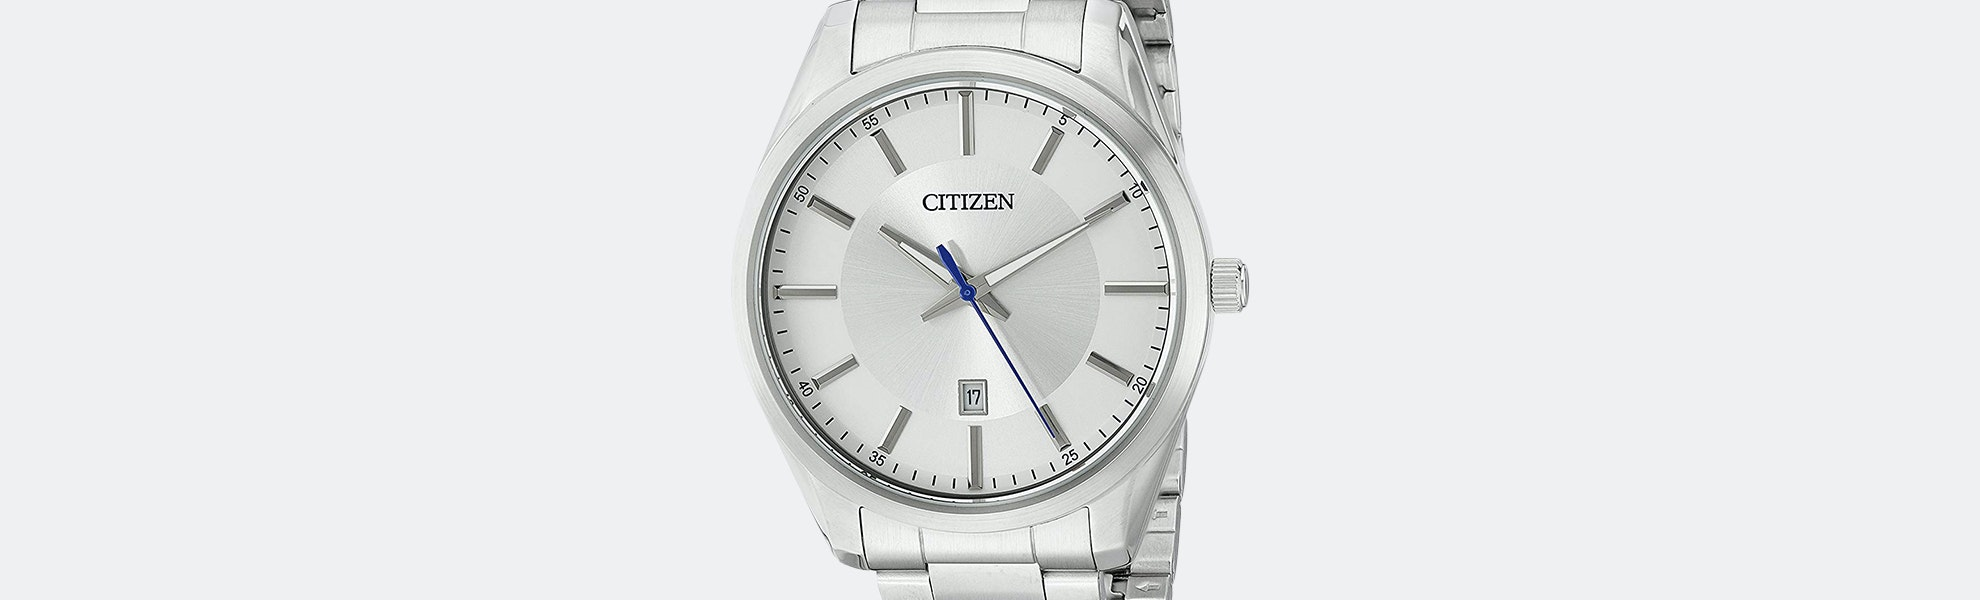 Citizen BI1030 Quartz Watch
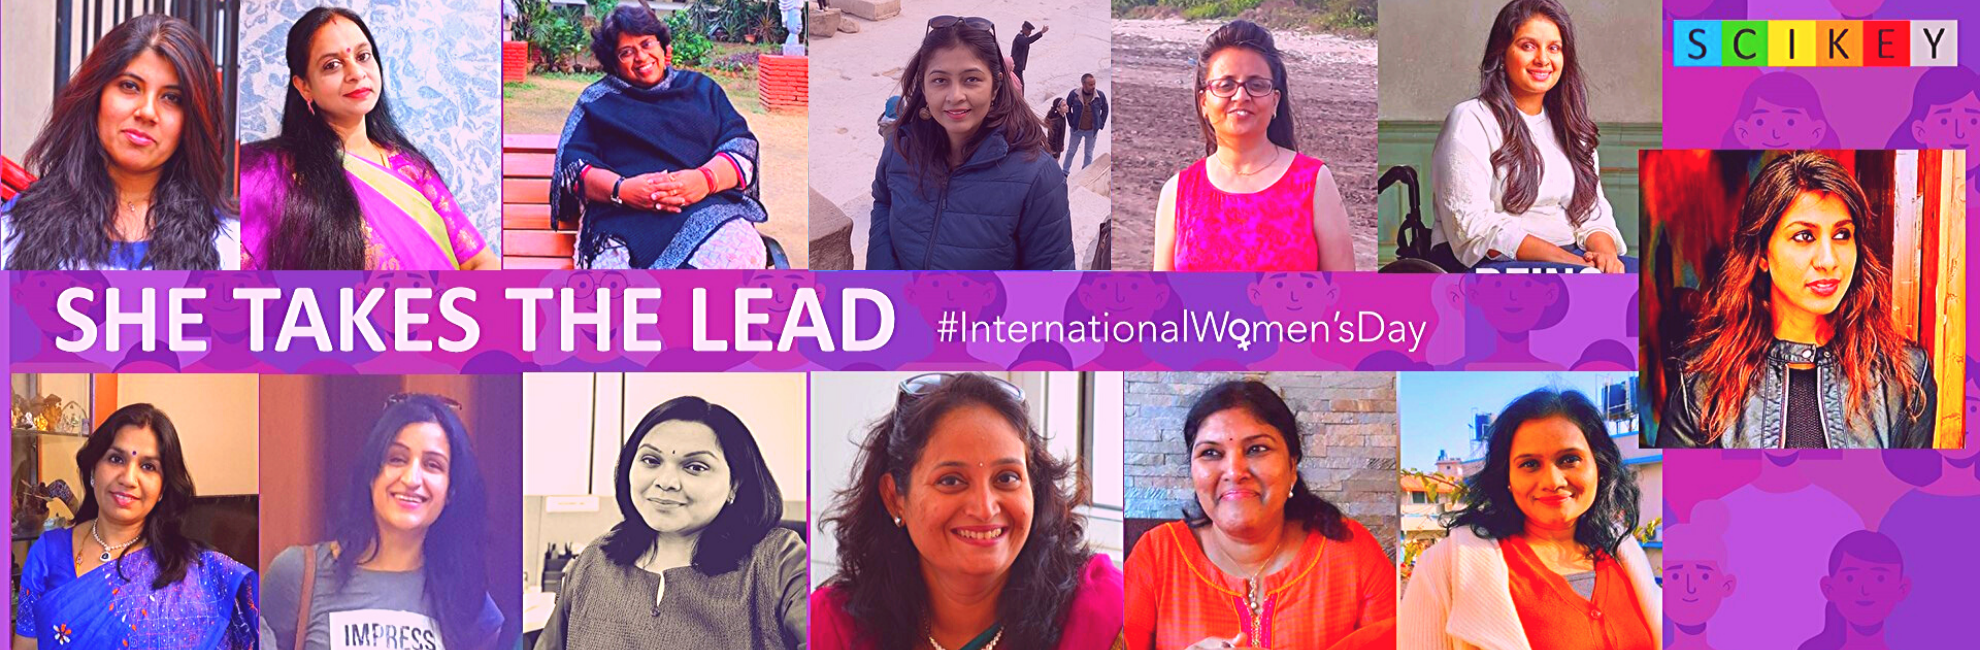 Karunjit Kumar Dhir on LinkedIn: She Takes The Lead | 11 comments
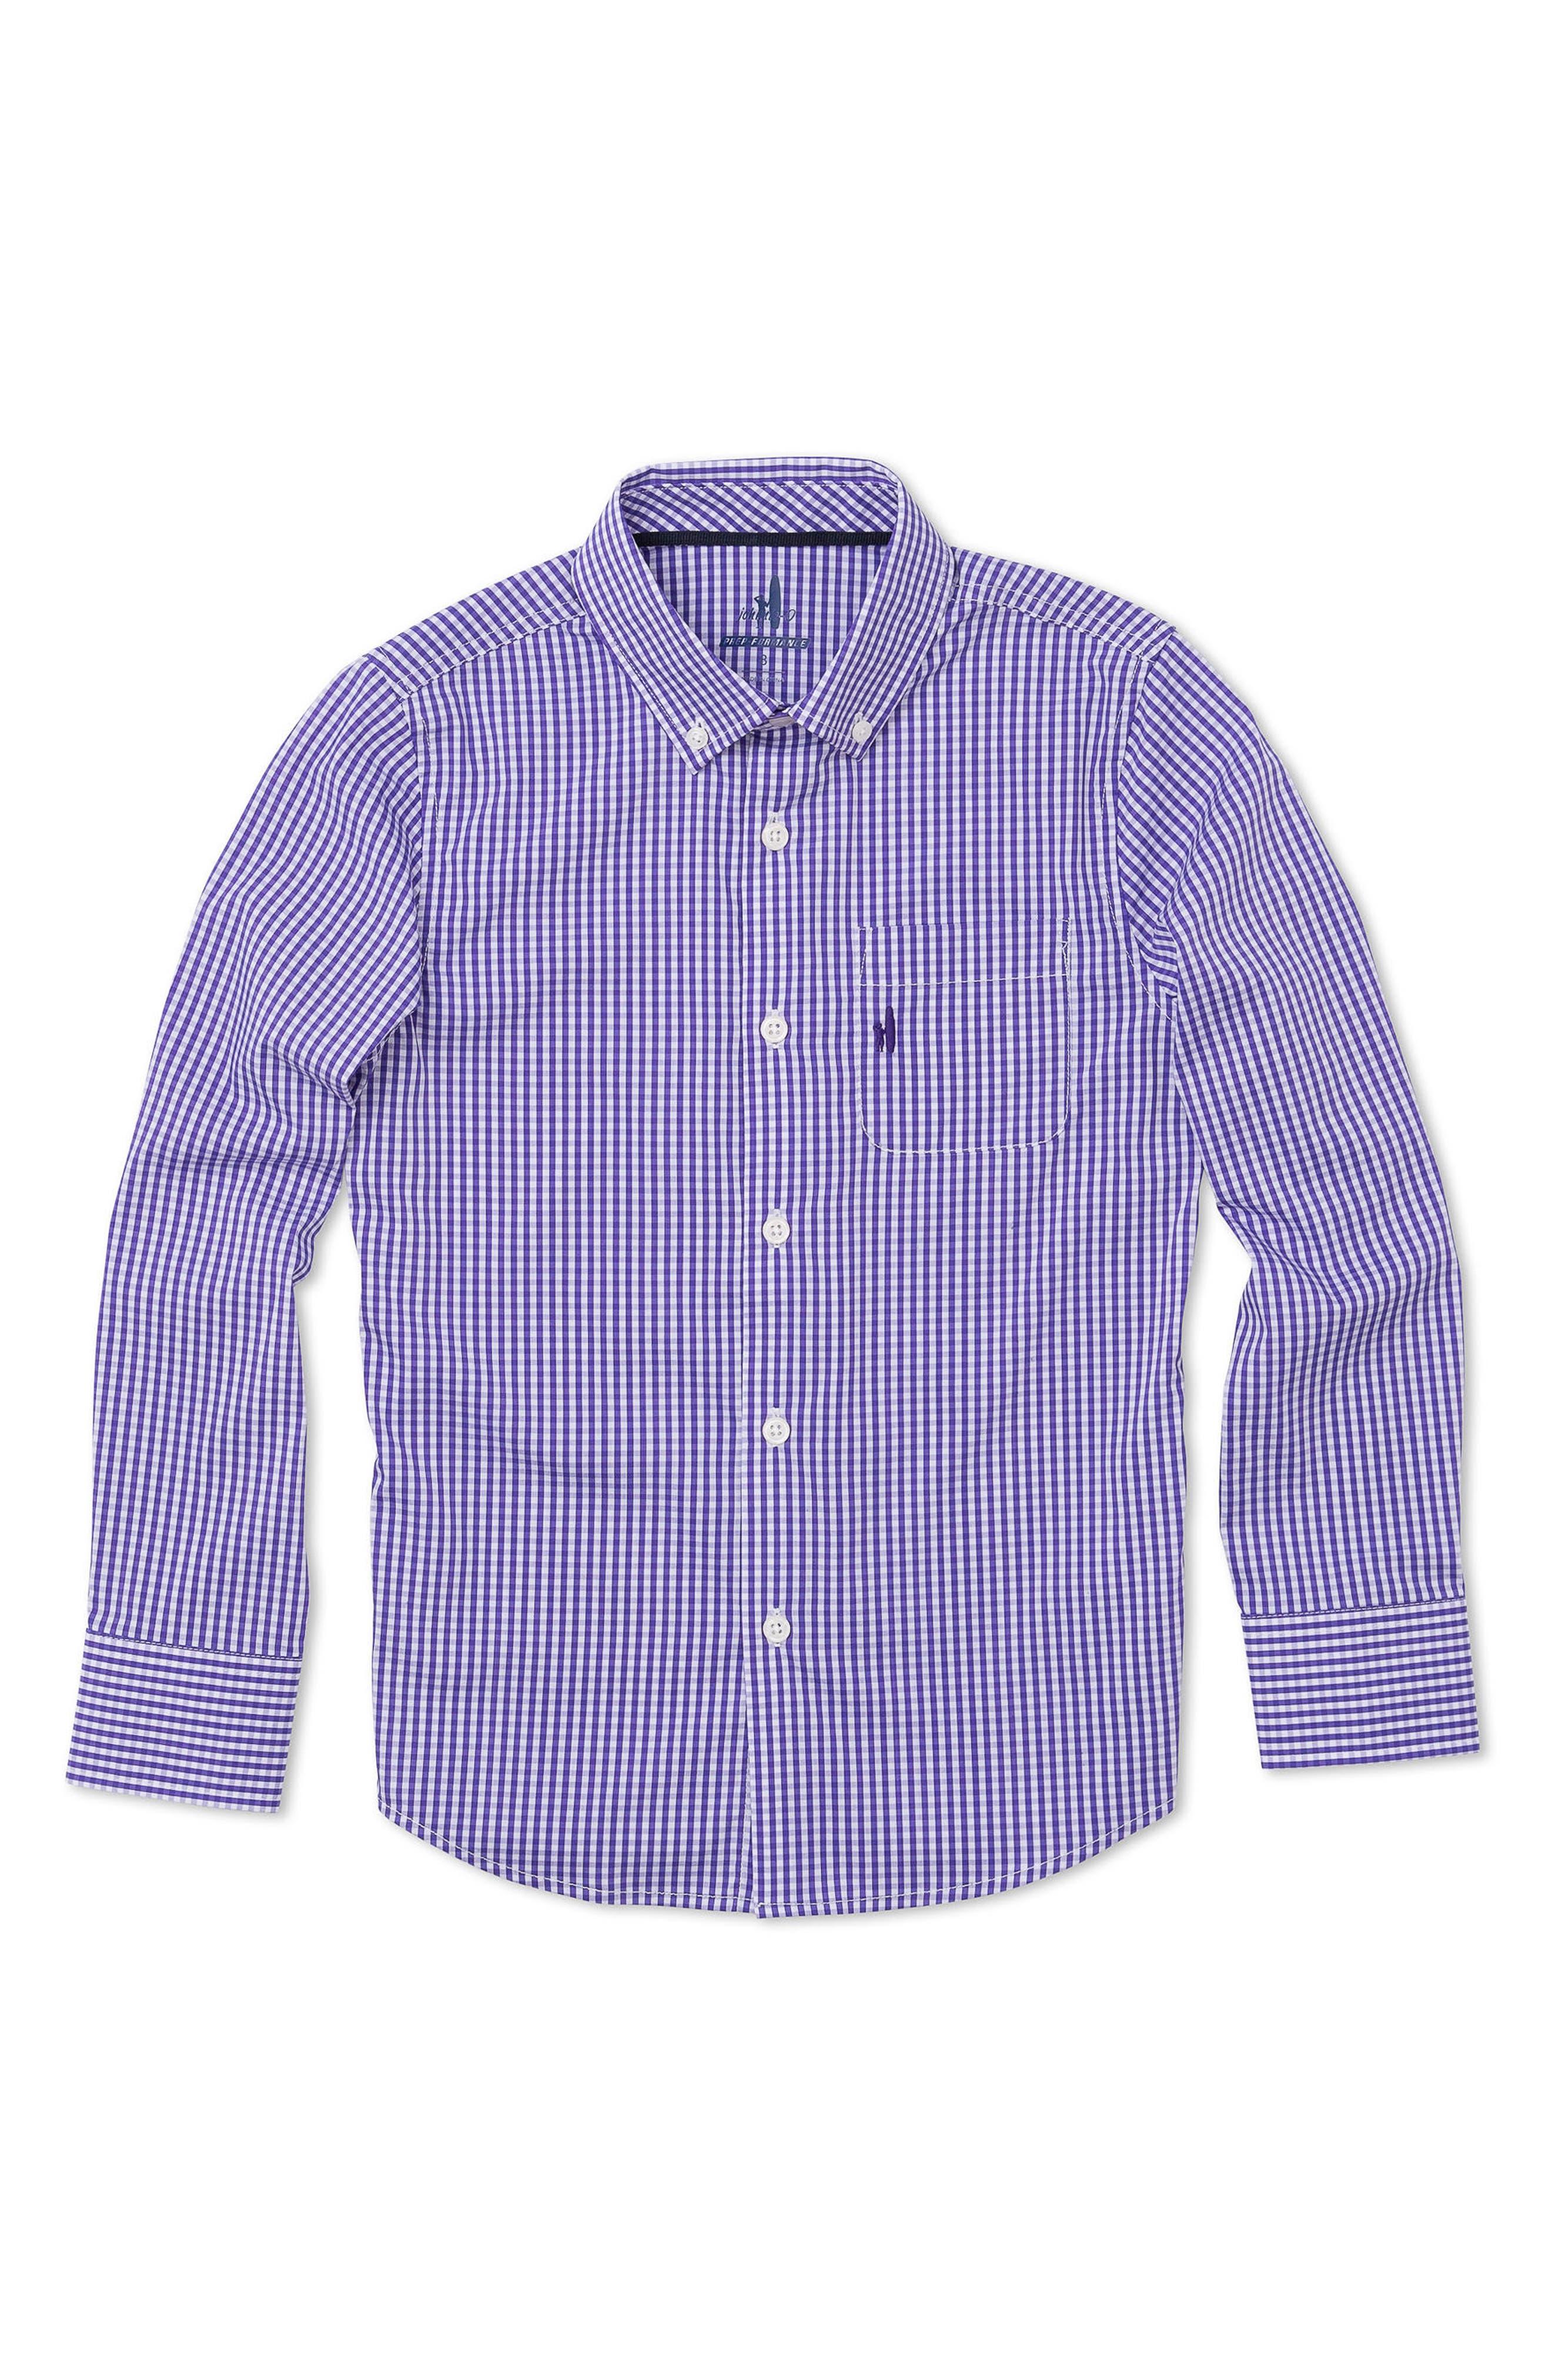 Johnnie-O Augusta Jr. Gingham Dress Shirt (Little Boys & Big Boys)

------------------------------------------------------------------------

Task brief.
An unaltered copy of the material, without images, should be set down.

Reply.
 Citizen BI1030 Quartz Watch
 Karunjit Kumar Dhir on LinkedIn: She Takes The Lead | 11 comments
 Johnnie-O Augusta Jr. Gingham Dress Shirt (Little Boys & Big Boys)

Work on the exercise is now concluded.